**Work order**
Your answer must be the full listing, word for word, with no images in it.

Segment Start: Recorded information

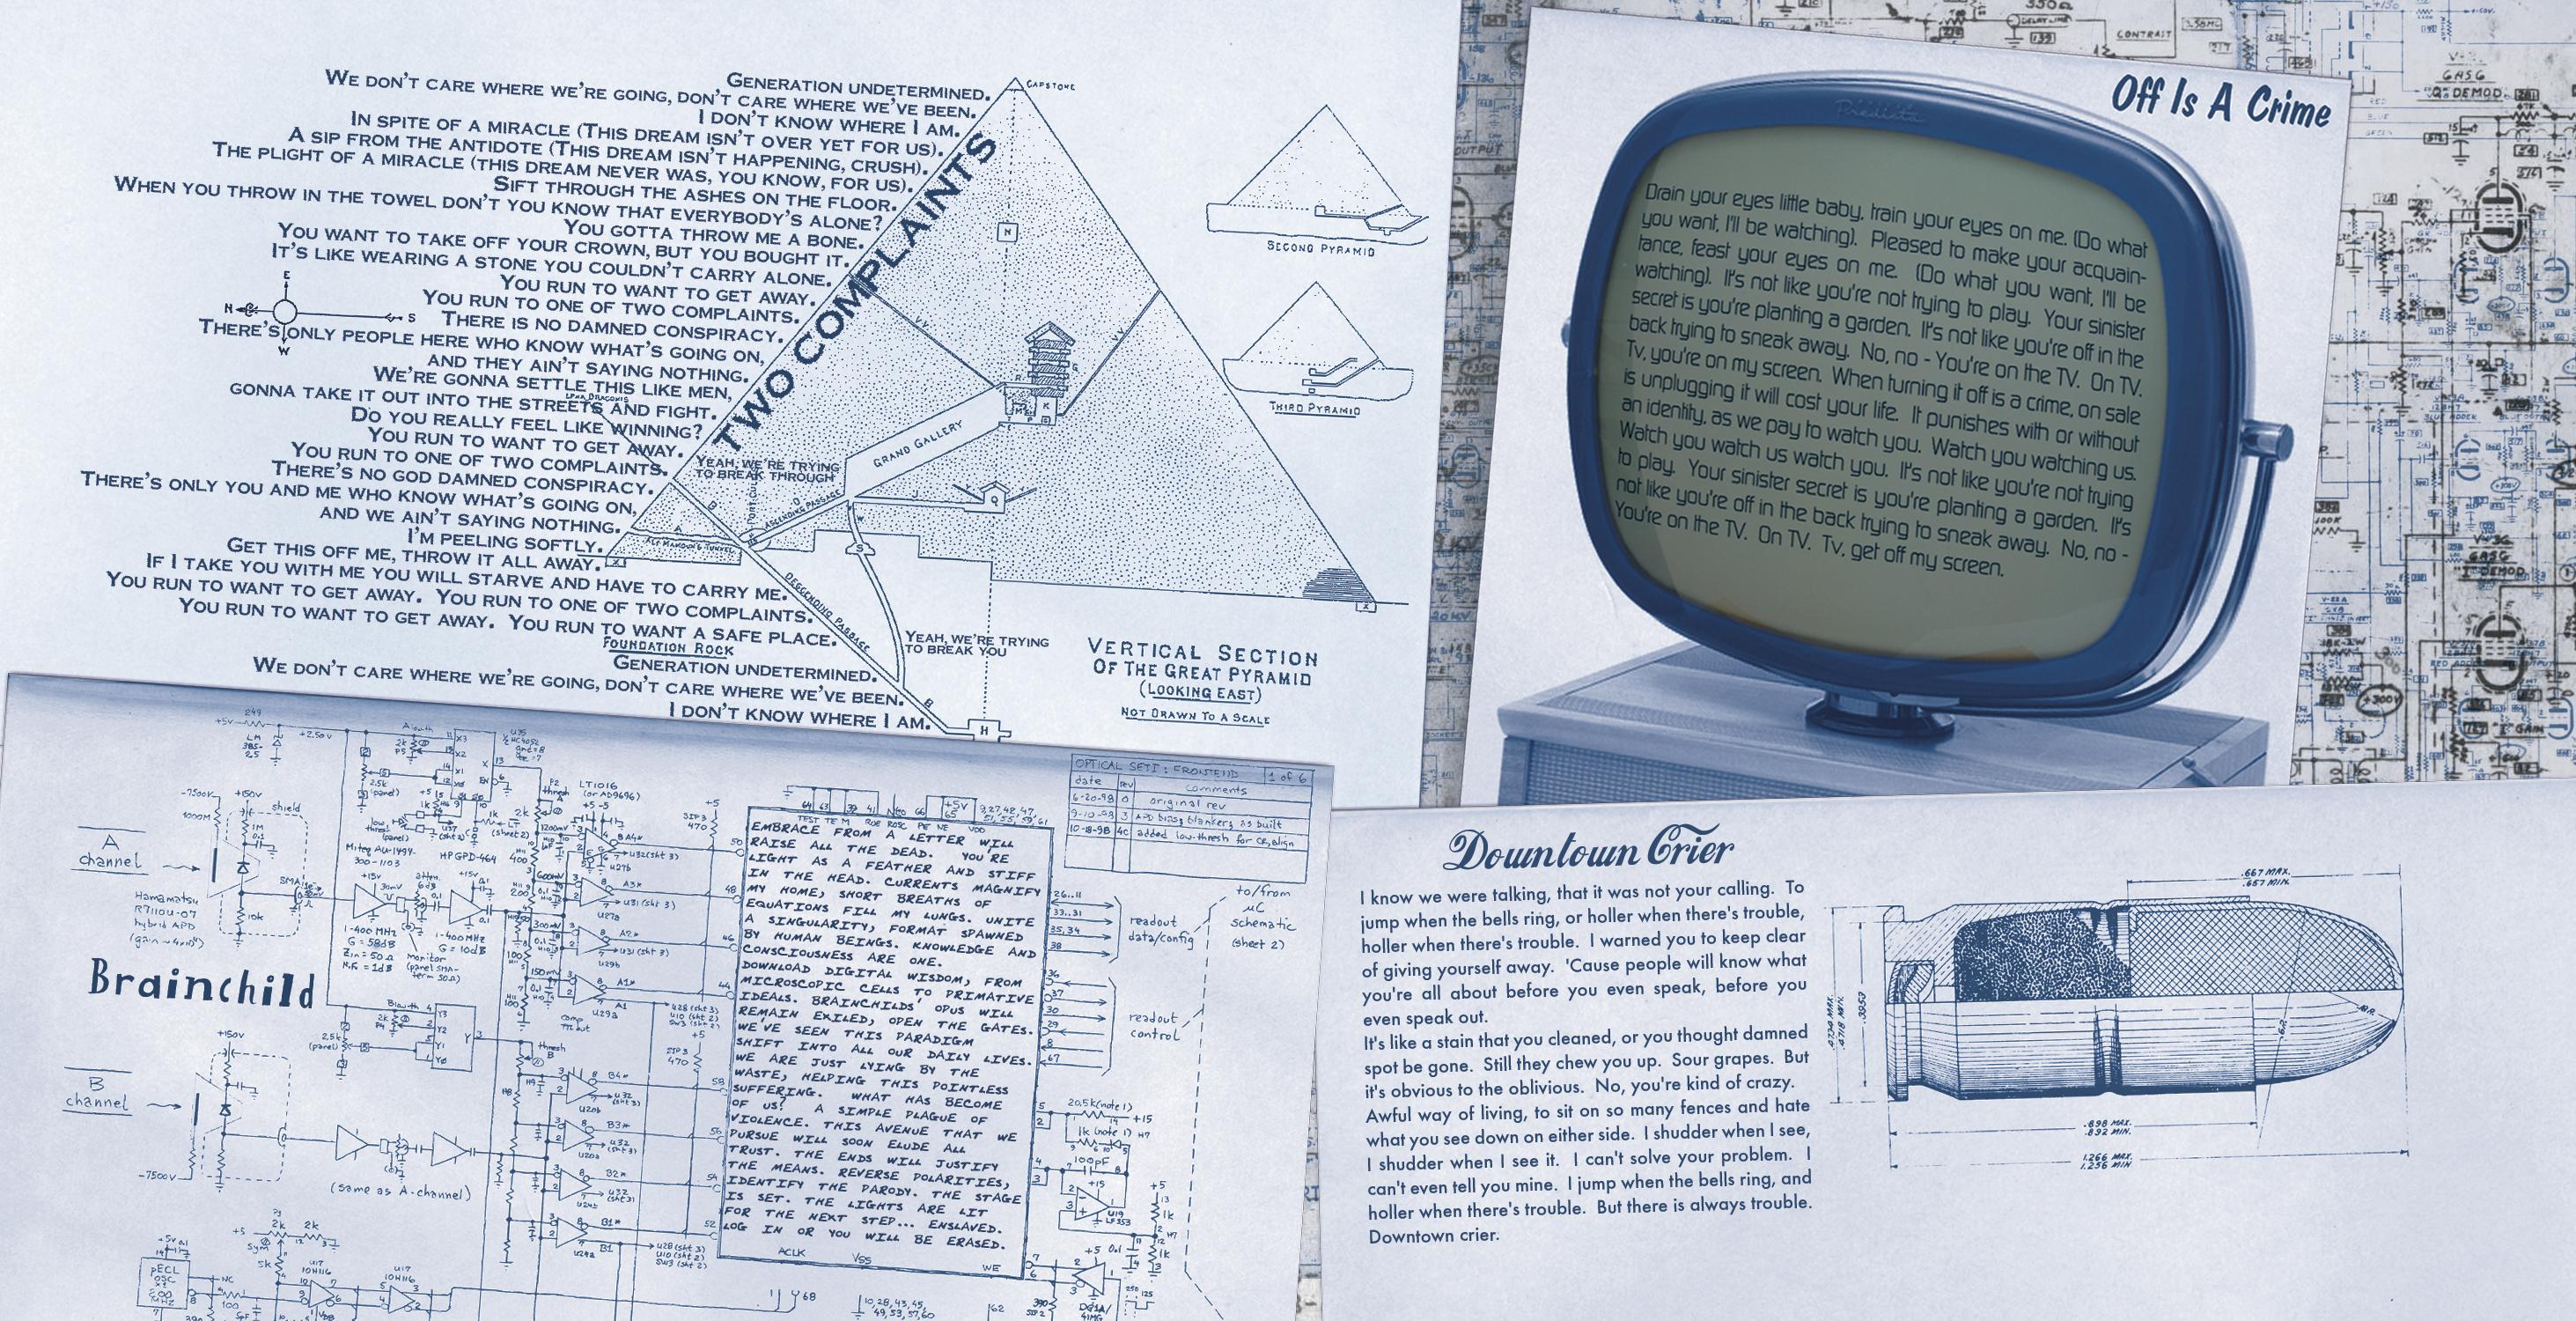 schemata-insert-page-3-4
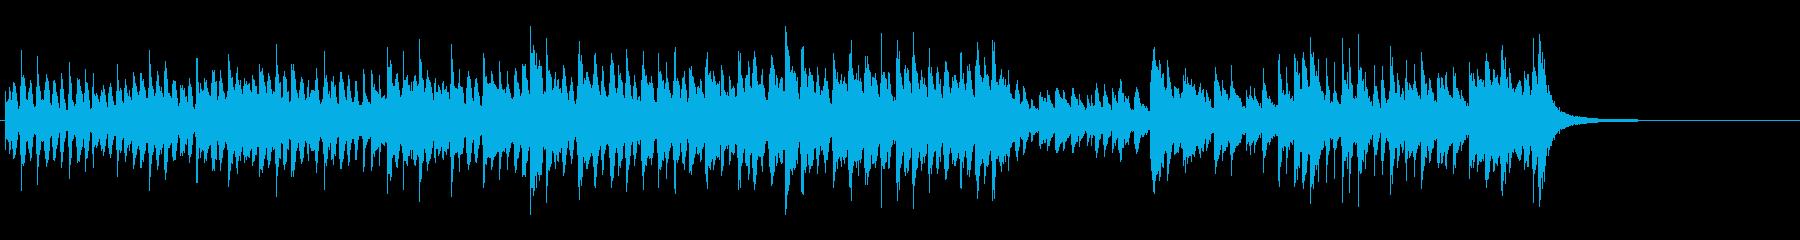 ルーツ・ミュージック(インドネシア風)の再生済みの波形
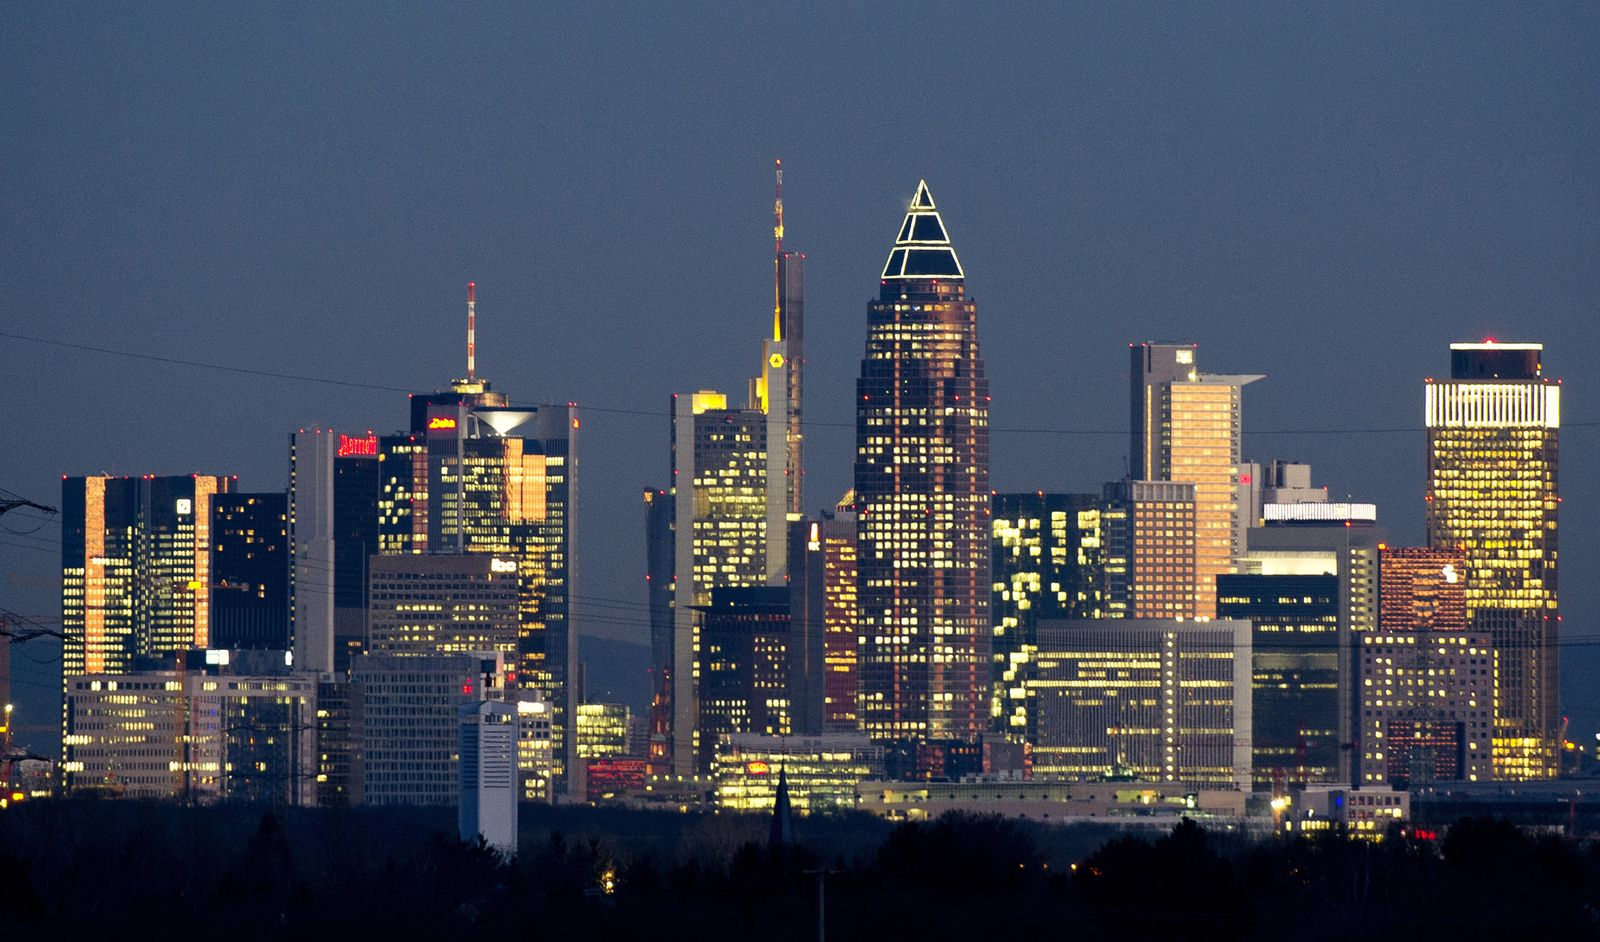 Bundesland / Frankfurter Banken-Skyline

Segment End: Recorded information

**Response to this task**
 schemata-insert-page-3-4
 ルーツ・ミュージック(インドネシア風)の再生済みの波形
 Bundesland / Frankfurter Banken-Skyline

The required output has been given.